Like her girls, once she sets her mind to something, Lewis is committed to doing it. It took her two years to get through Duolingo, but she made steady progress. In her grant, she explains how she could read fairly well, and that listening to podcasts had greatly improved her listening skills. Speaking the language, however, was a different story.
“You learn by being thrown into conversation,” she says.
When she got word that she was the recipient of the Lilly grant, it felt like a dream come true. “Learning French got me through the pandemic, so to study French culture in France offered a sort of closure to this two-year time period,” she says.

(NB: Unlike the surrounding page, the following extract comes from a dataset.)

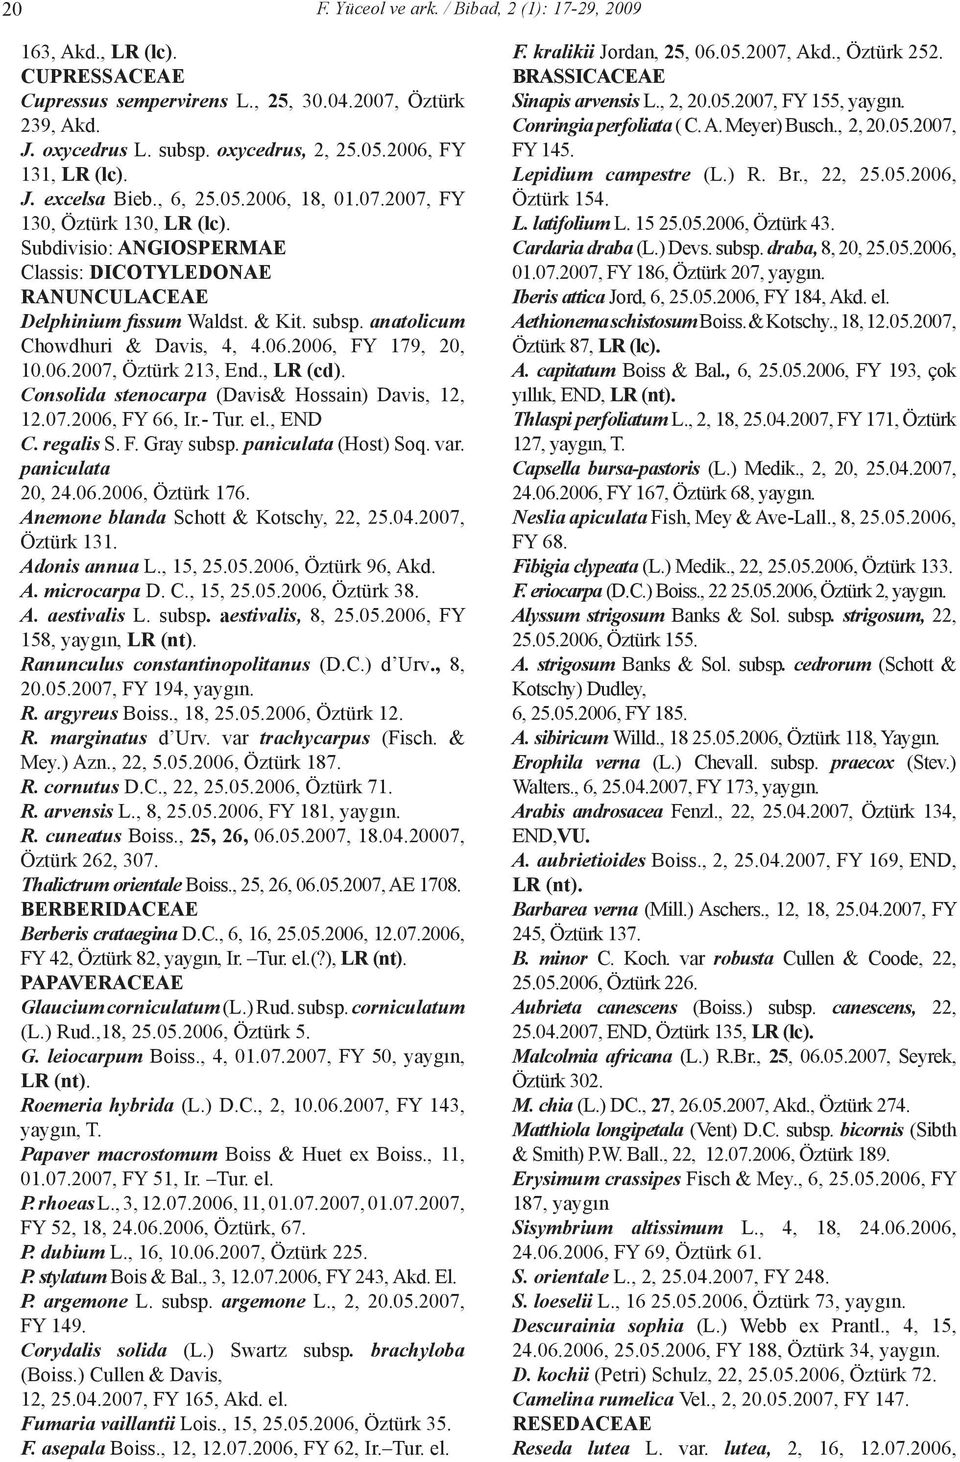 subsp. anatolicum Chowdhuri & Davis, 4, 4.06.2006, FY 179, 20, 10.06.2007, Öztürk 213, End., LR (cd). Consolida stenocarpa (Davis& Hossain) Davis, 12, 12.07.2006, FY 66, Ir.- Tur. el., END C.
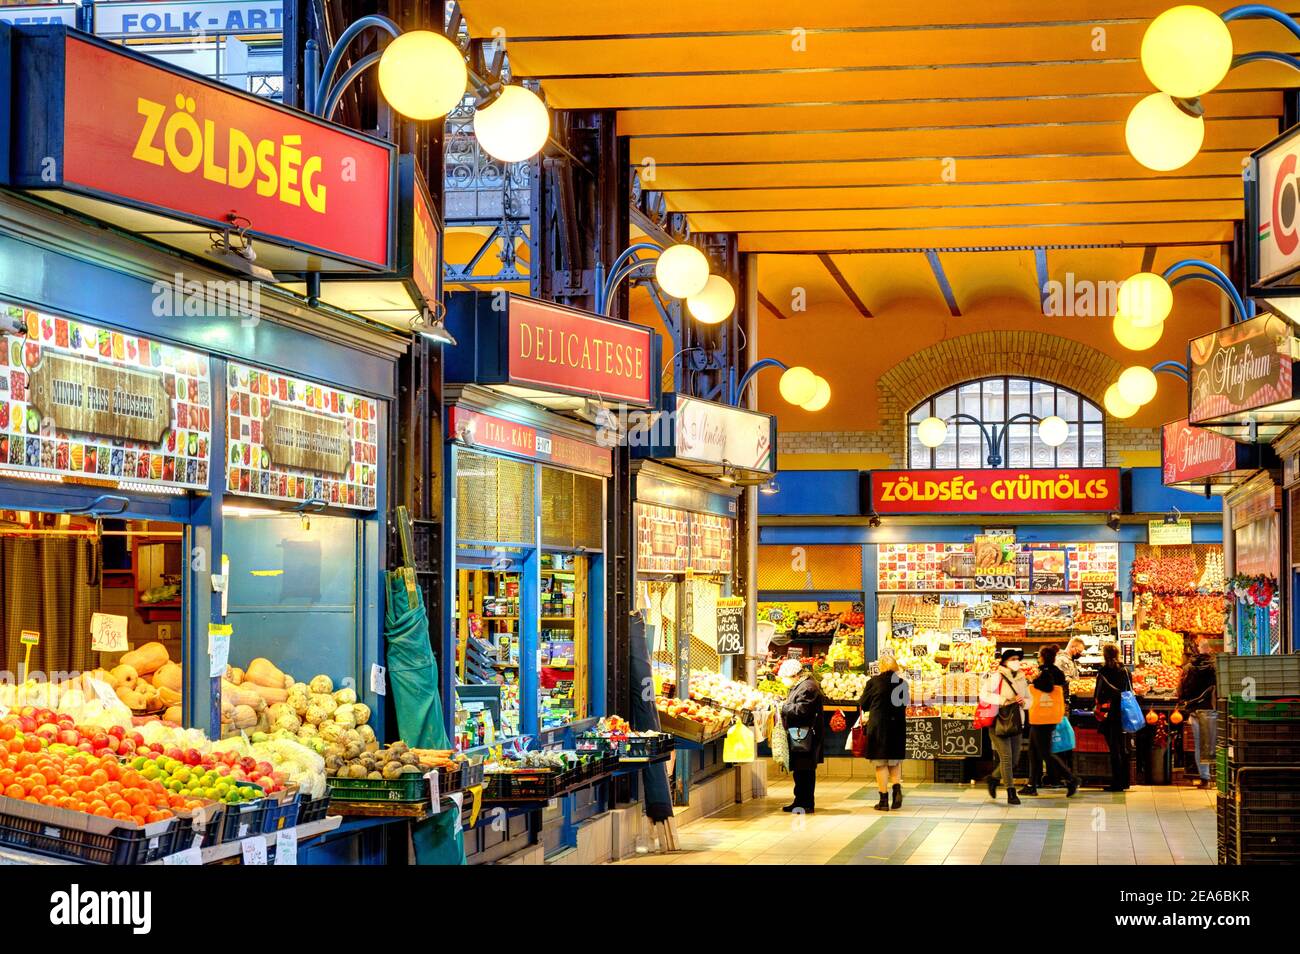 Grande salle du marché, Budapest, HDR image Banque D'Images

Thomas also loves to travel. He studies abroad through IUPUI in Greece every summer. This past May he went to Norway to visit his daughter Amalia, who graduated from a university in Trondheim.
Next on Lewis’s travel bucket list is Madagascar, where the official language is French. “Now it’s accessible to me because I speak French,” Lewis says.
She loves to learn, not only to expand her horizons, but also to better understand Avon’s students.
Lewis credits Avon schools for preparing young scholars to spread their wings in this way.
“You work hard in these programs, and with hard work comes self-efficacy,” Lewis says. “I think that’s what my girls got from Avon – a confidence where they felt, ‘I can do this. I can learn this language. I can travel.’”
According to Lewis, the most rewarding aspect of international travel is changing one’s worldview.
“Your world gets bigger, but ultimately the big world gets smaller,” she says.